= Instructions to follow =
Down to the last line of the listing, starting at the one with "Wilkinson Furniture Bloom", retype each line exactly. Do not copy the pictures.

= Given material =
- - - - - - -
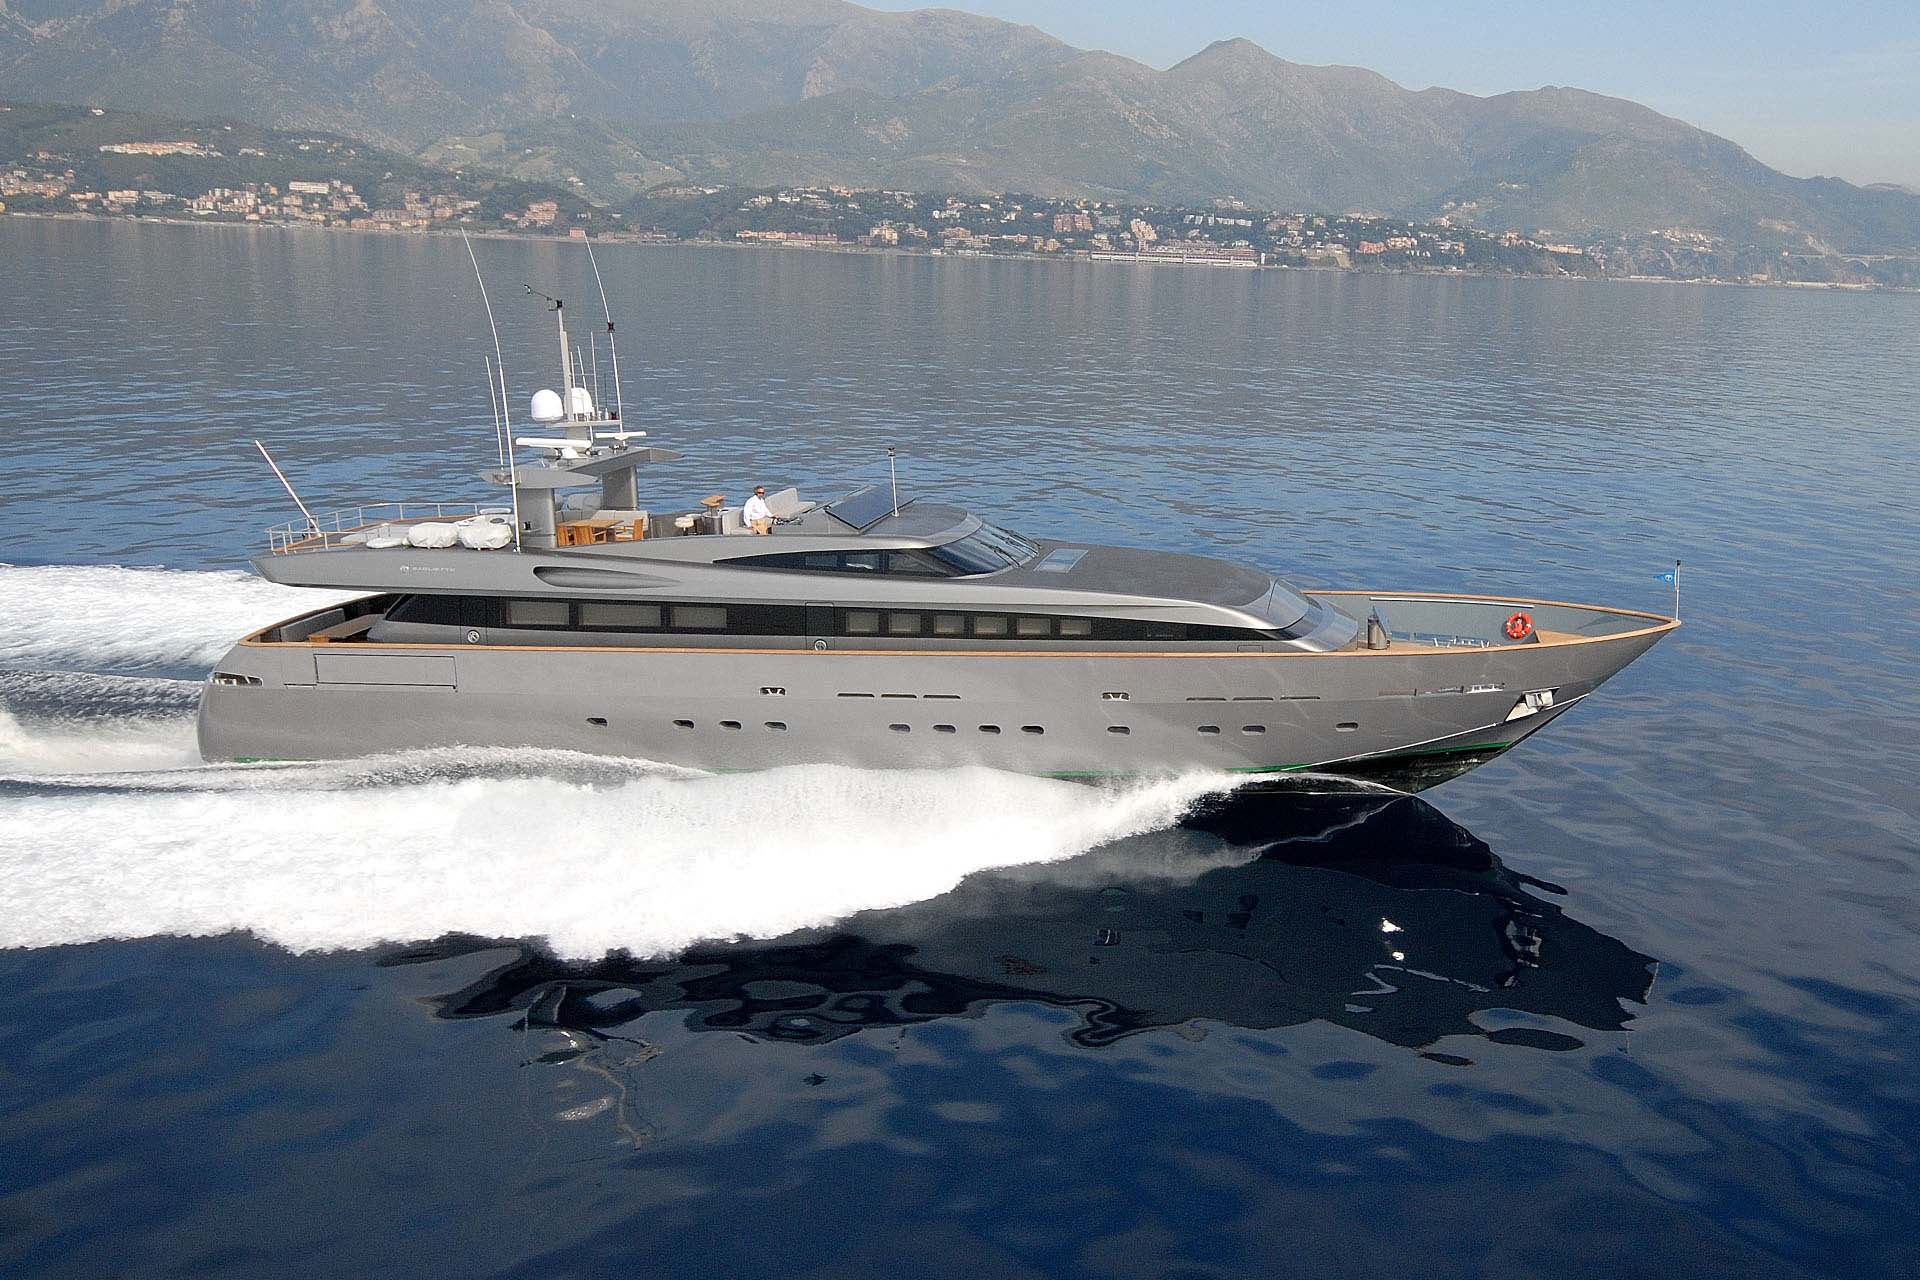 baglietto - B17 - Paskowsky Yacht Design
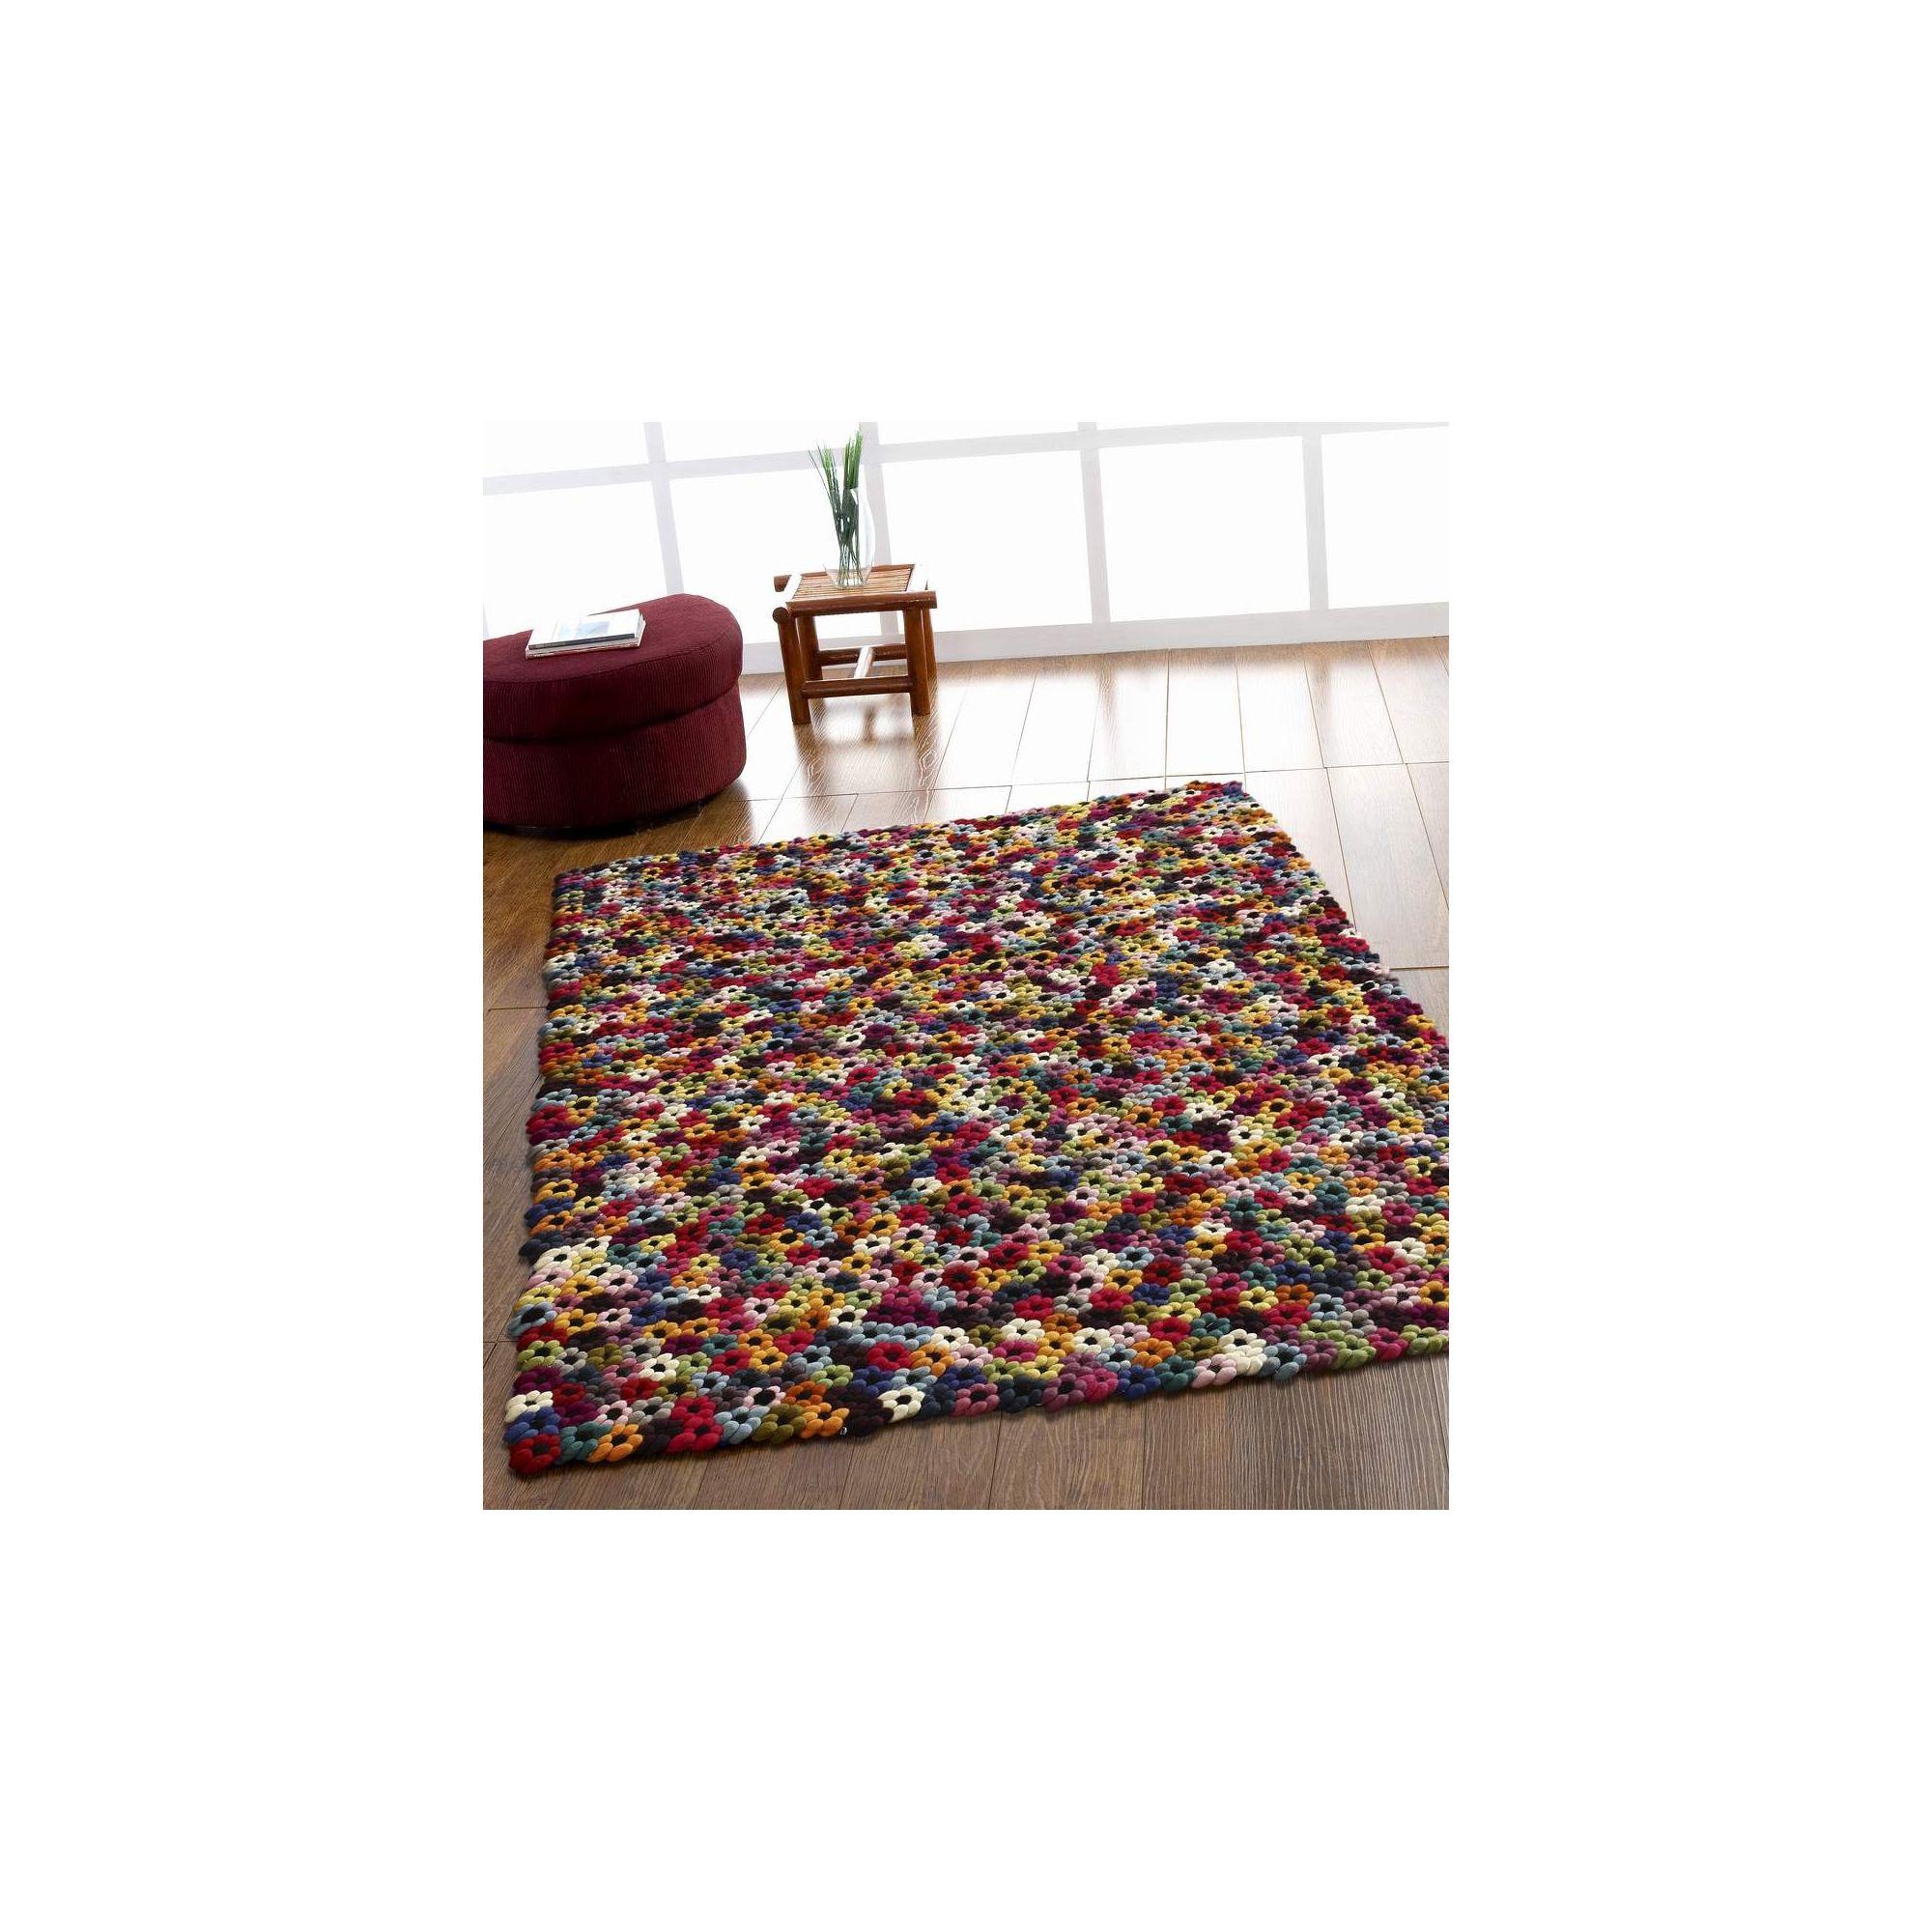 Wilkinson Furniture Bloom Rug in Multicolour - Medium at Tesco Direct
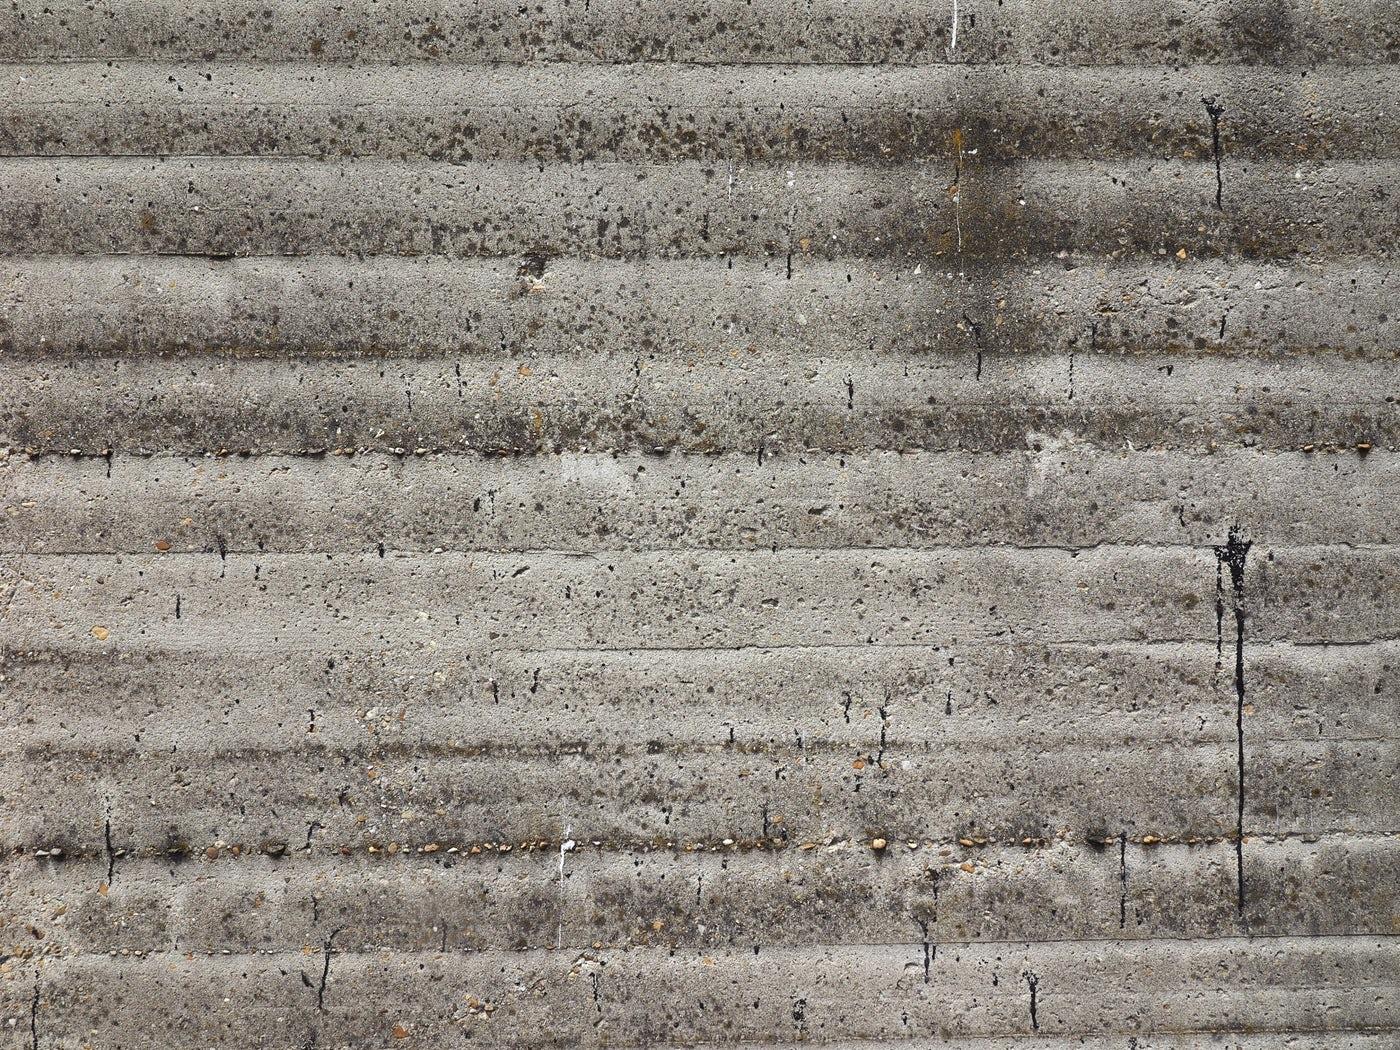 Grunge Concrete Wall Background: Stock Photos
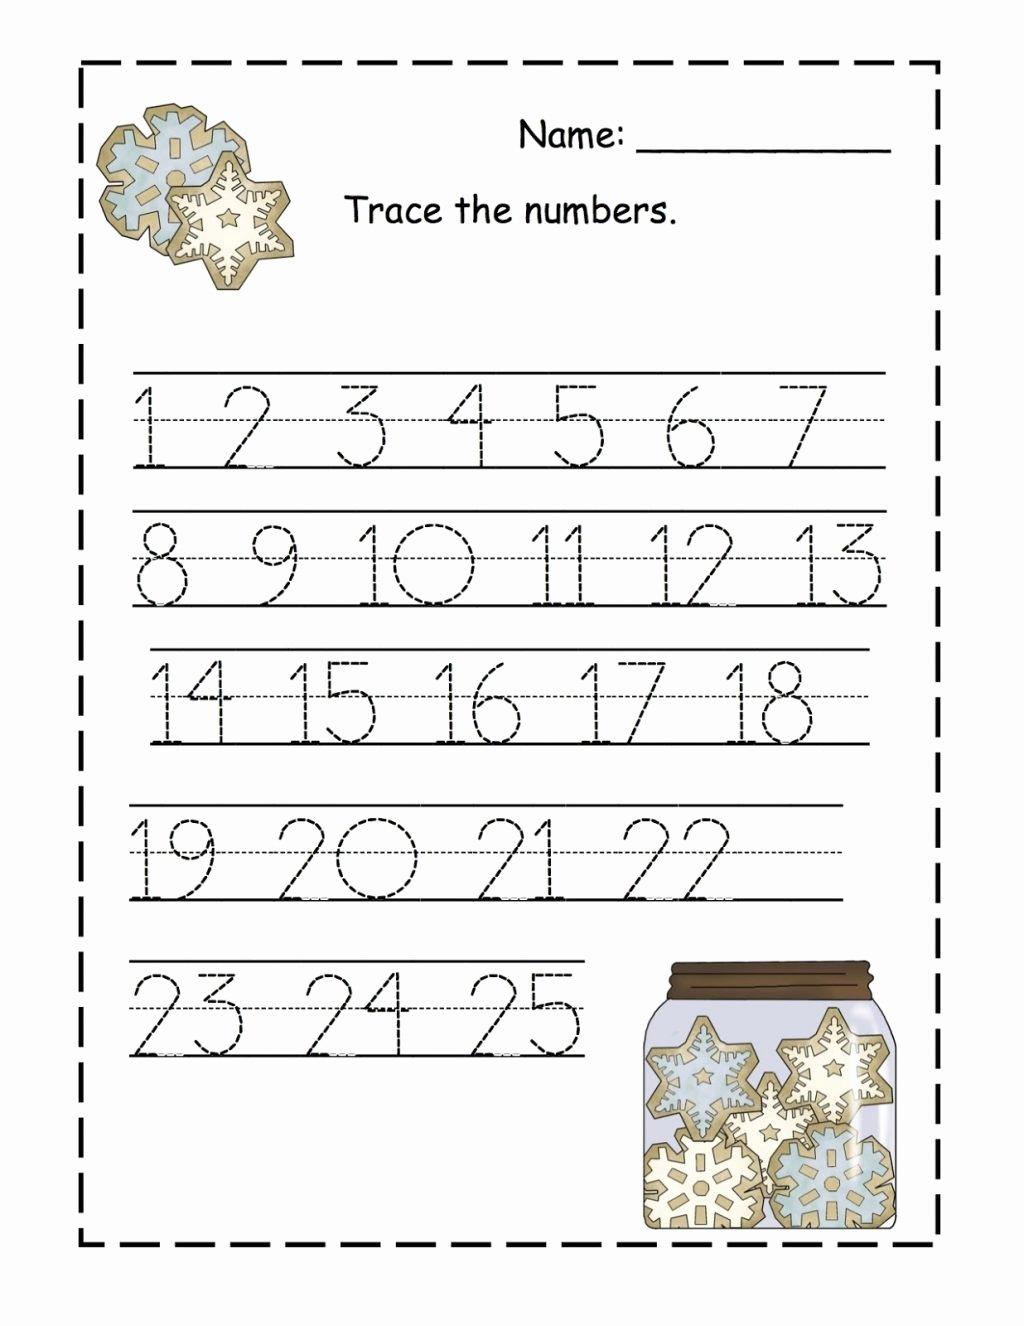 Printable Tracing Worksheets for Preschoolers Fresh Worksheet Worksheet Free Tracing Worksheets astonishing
- - - - - - -
= Response to the exercise =
 Wilkinson Furniture Bloom Rug in Multicolour - Medium at Tesco Direct
 Grunge Concrete Wall Background: Stock Photos
 Printable Tracing Worksheets for Preschoolers Fresh Worksheet Worksheet Free Tracing Worksheets astonishing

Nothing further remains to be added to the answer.